Why Use the Data Processing Library
The Data Processing Library supports developers writing batch processing pipelines for the HERE Workspace. The processing library provides a means to easily interact with both the Pipeline API and the Data API via Spark so the developer can focus on their business logic (in Java or Scala) instead.
A typical use case for the processing library is to create artifacts that can be fed into services that perform tasks, such as routing destinations, rendering digital map objects, searching for places by name or address, and so on.
In more detail, for batch pipelines, the Data Processing Library:
- Processes versioned data by reading multiple input versioned layers from multiple input catalogs and writing the results to multiple output versioned layers in a single output catalog.
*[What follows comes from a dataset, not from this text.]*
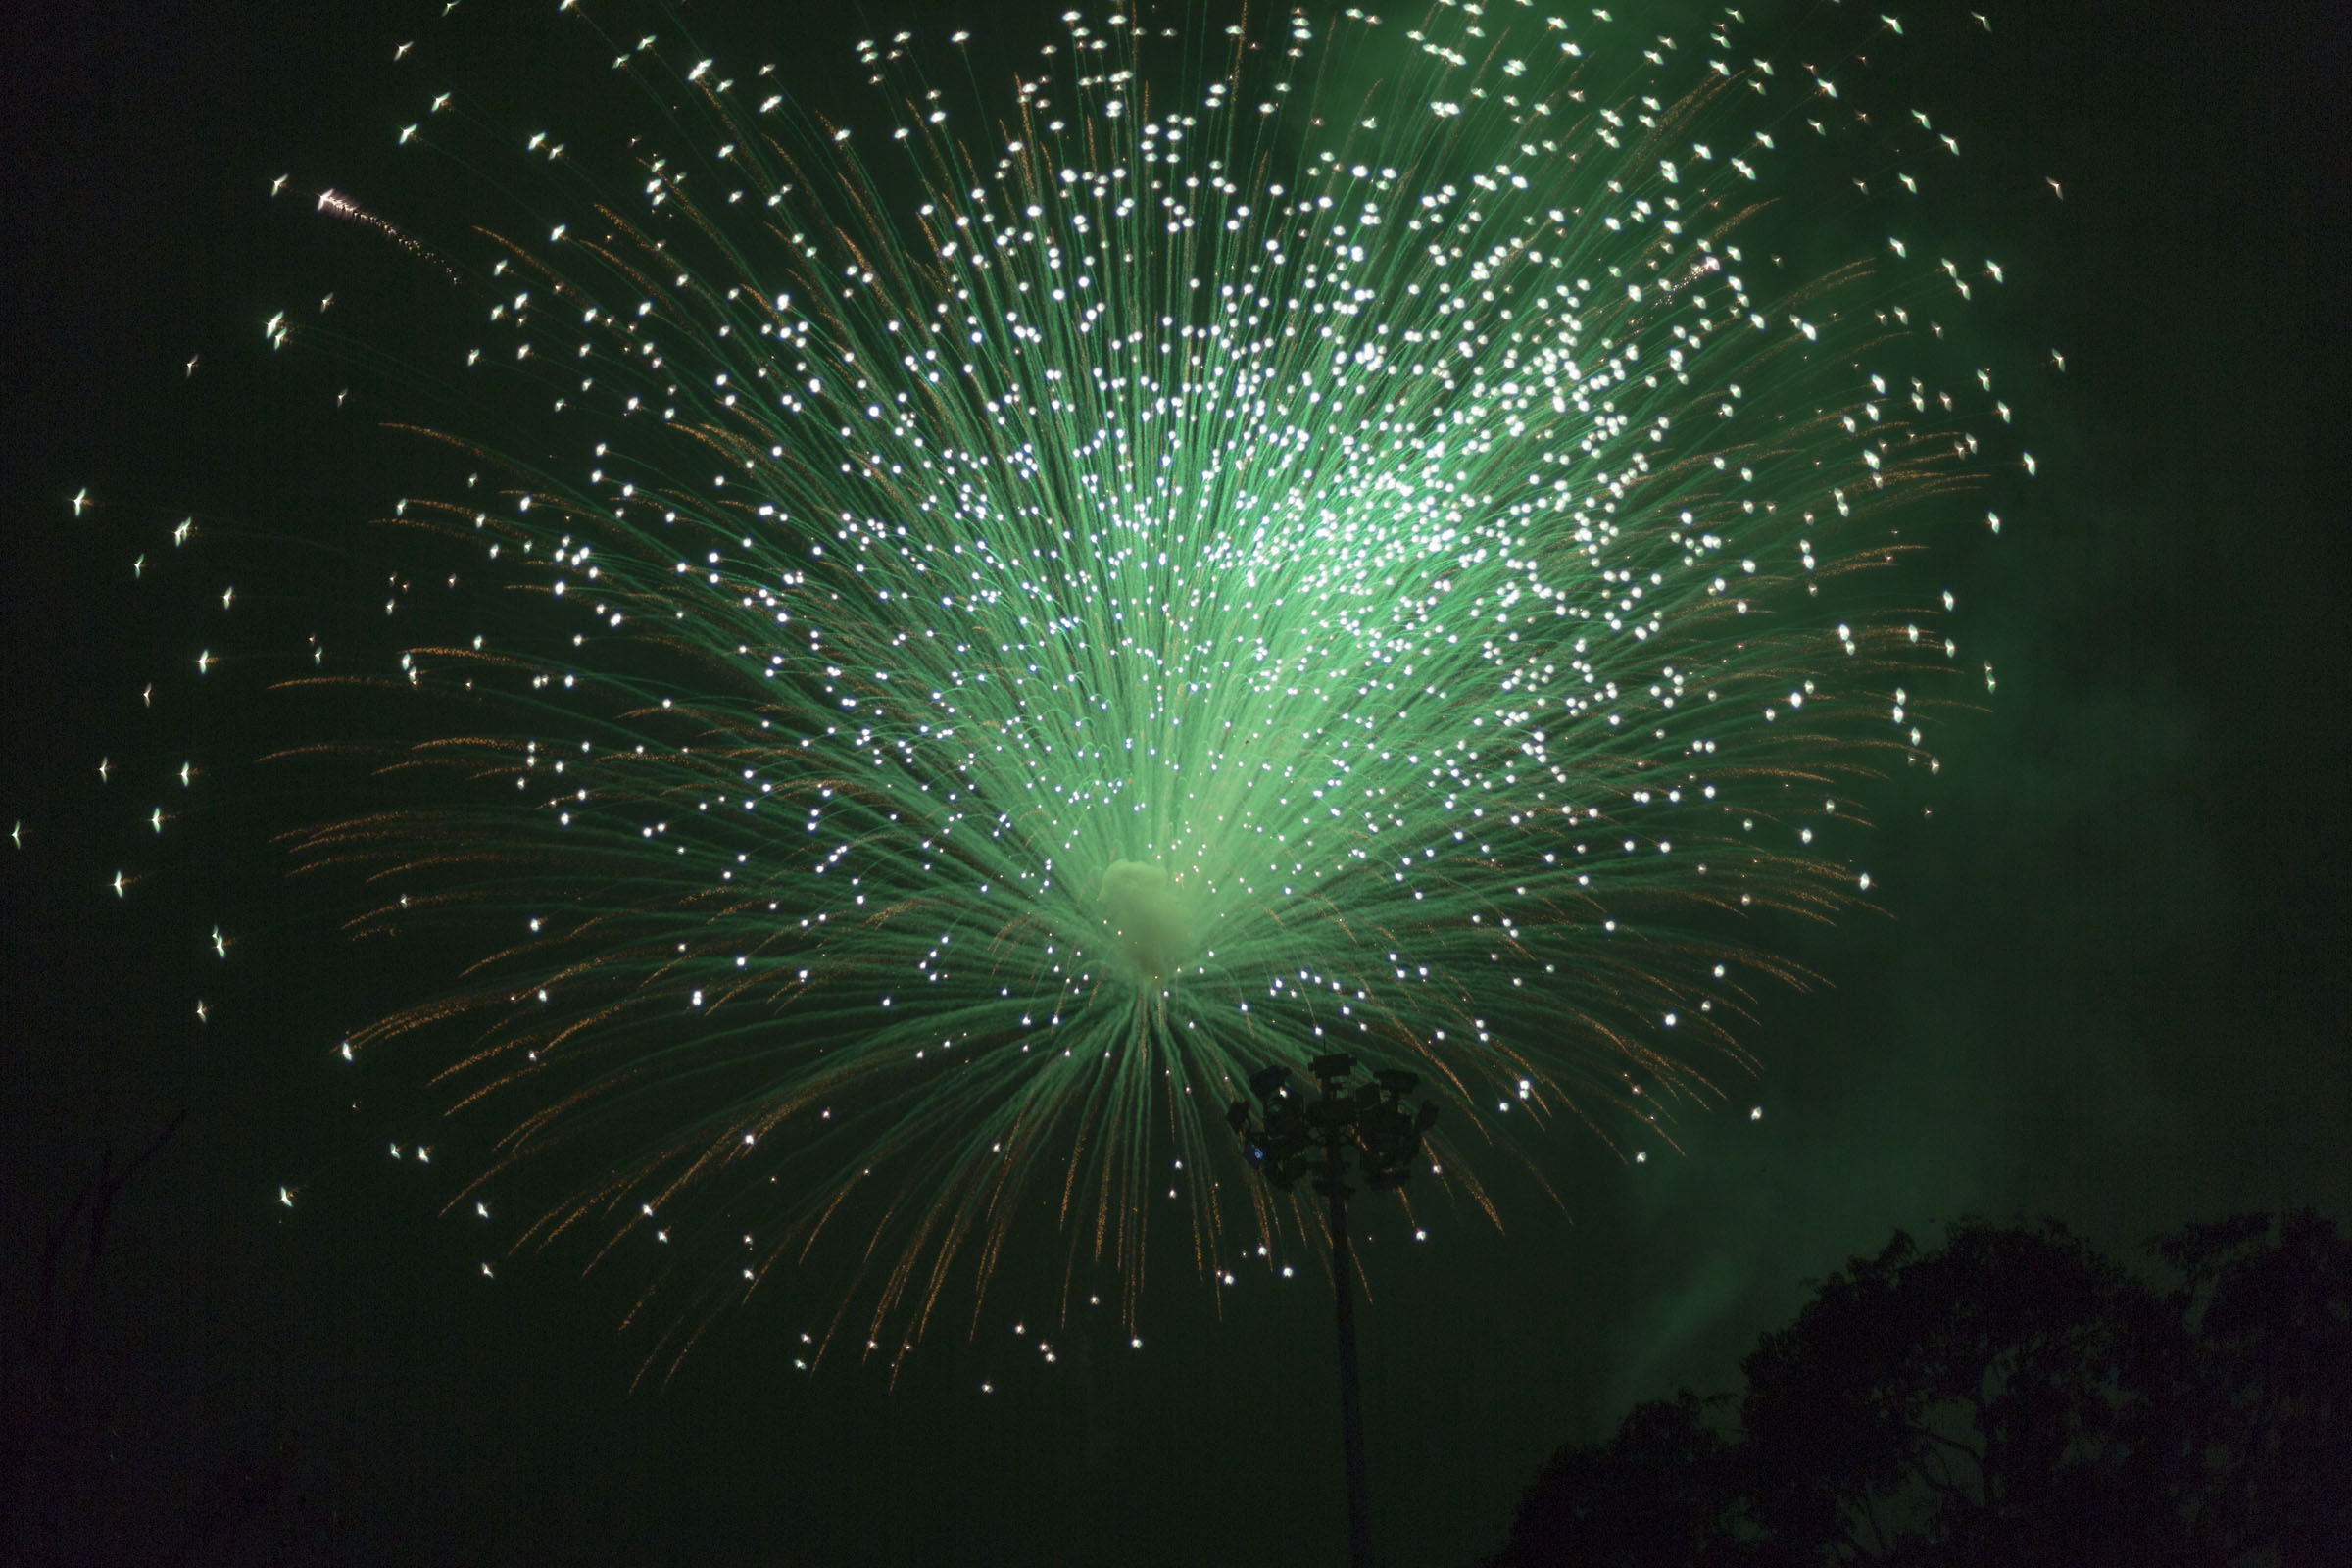 Thrissur Pooram - Fireworks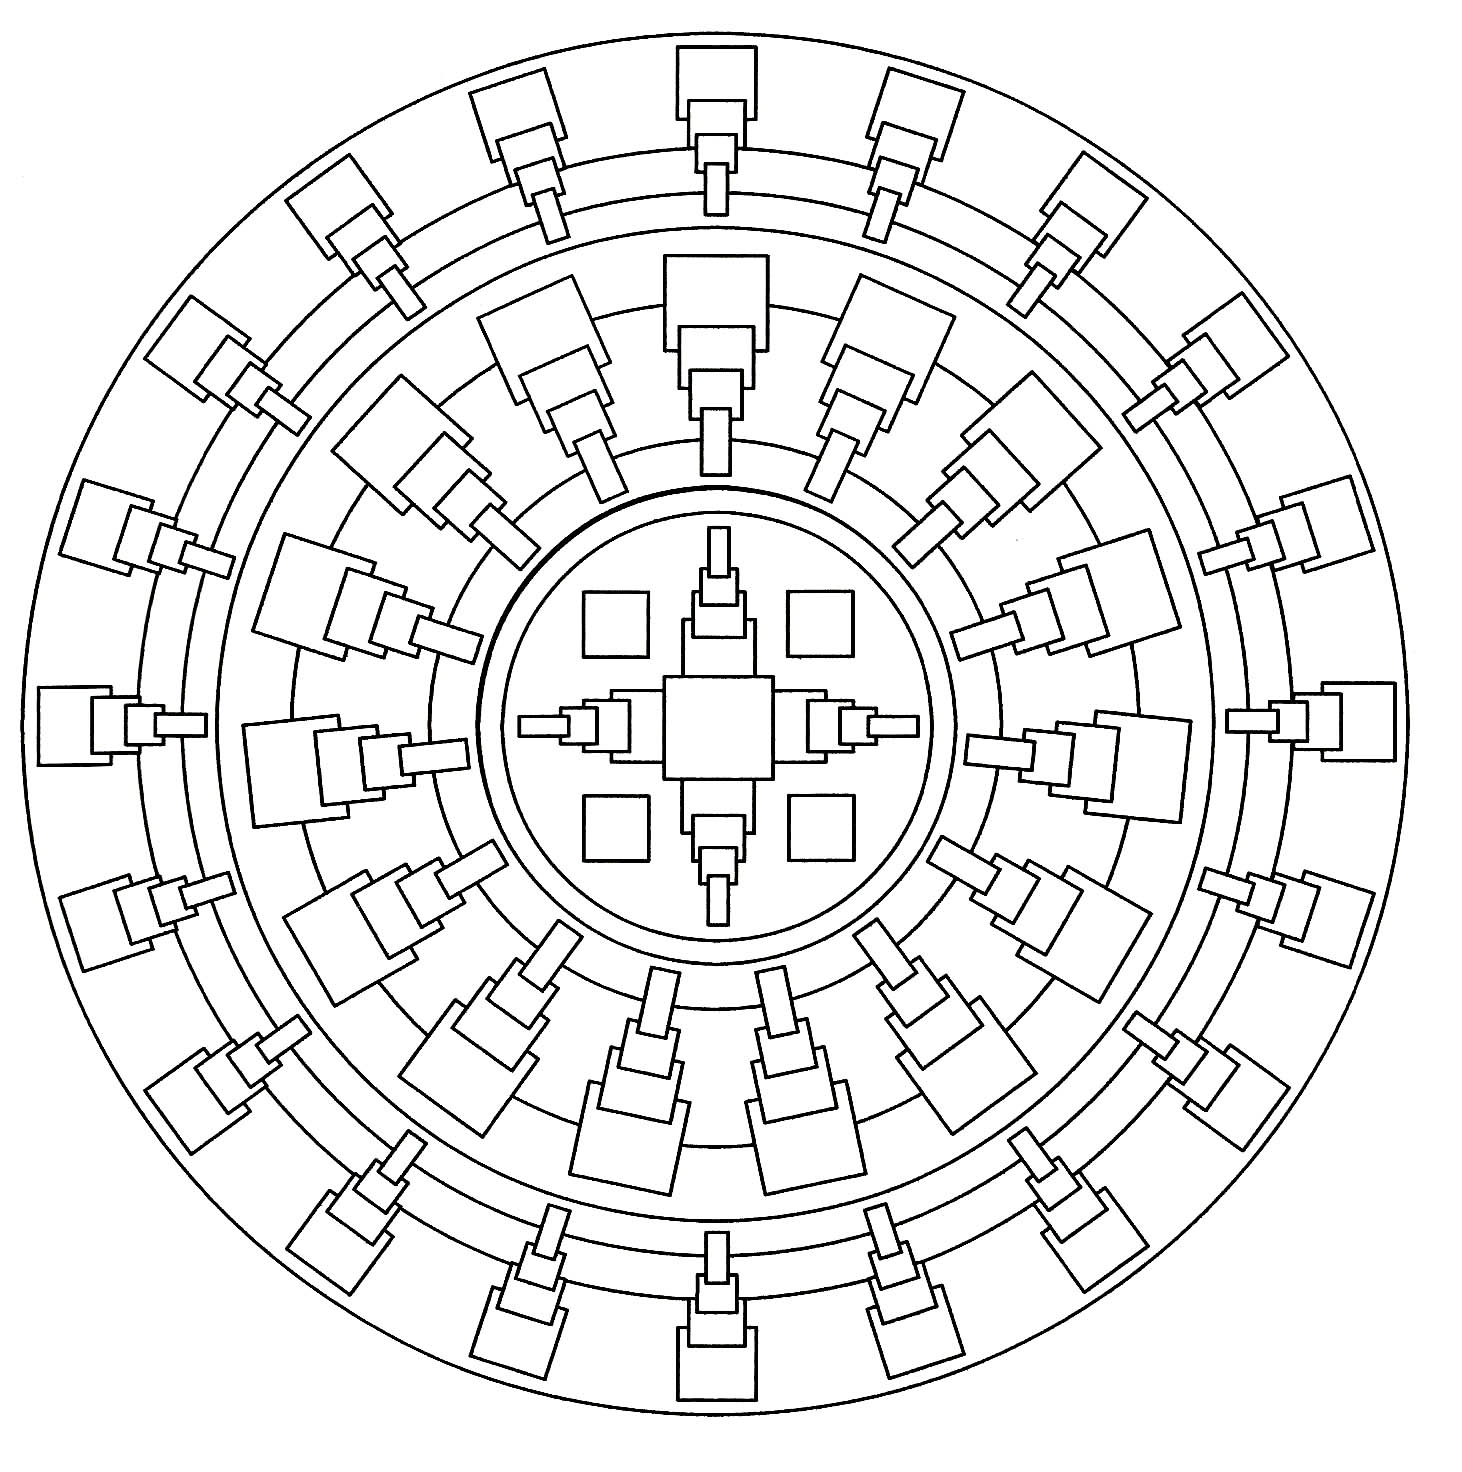 Ein einfaches Mandala mit quadratischen und symmetrischen Formen

- Supports the distributed processing of partitioned catalog layers in Spark by enhancing the features of the Data Client Library. The processing library conveniently fetches the catalogs’ metadata on the master and distributes the tasks of reading and writing payload (blob) data to the nodes via RDDs. The processing library then manages the publishing of the data and performs the commit to the Data API transactionally.
- Provides a means to regularly process large amounts of partitioned data sets incrementally. In the context of maps this is known as map compilation, and can be used to keep maps up to date at low processing cost and time. However, this feature can also be applied to any partitioned data set. It's particularly valuable for large data sets of which only a small amount of partitions change from one batch processing step to the next. The Data Processing Library automatically identifies this and only works on the changed partitions. You can choose between a set of common high level processing patterns that allow you to focus on your business logic.
All of the aforementioned components can be used independently.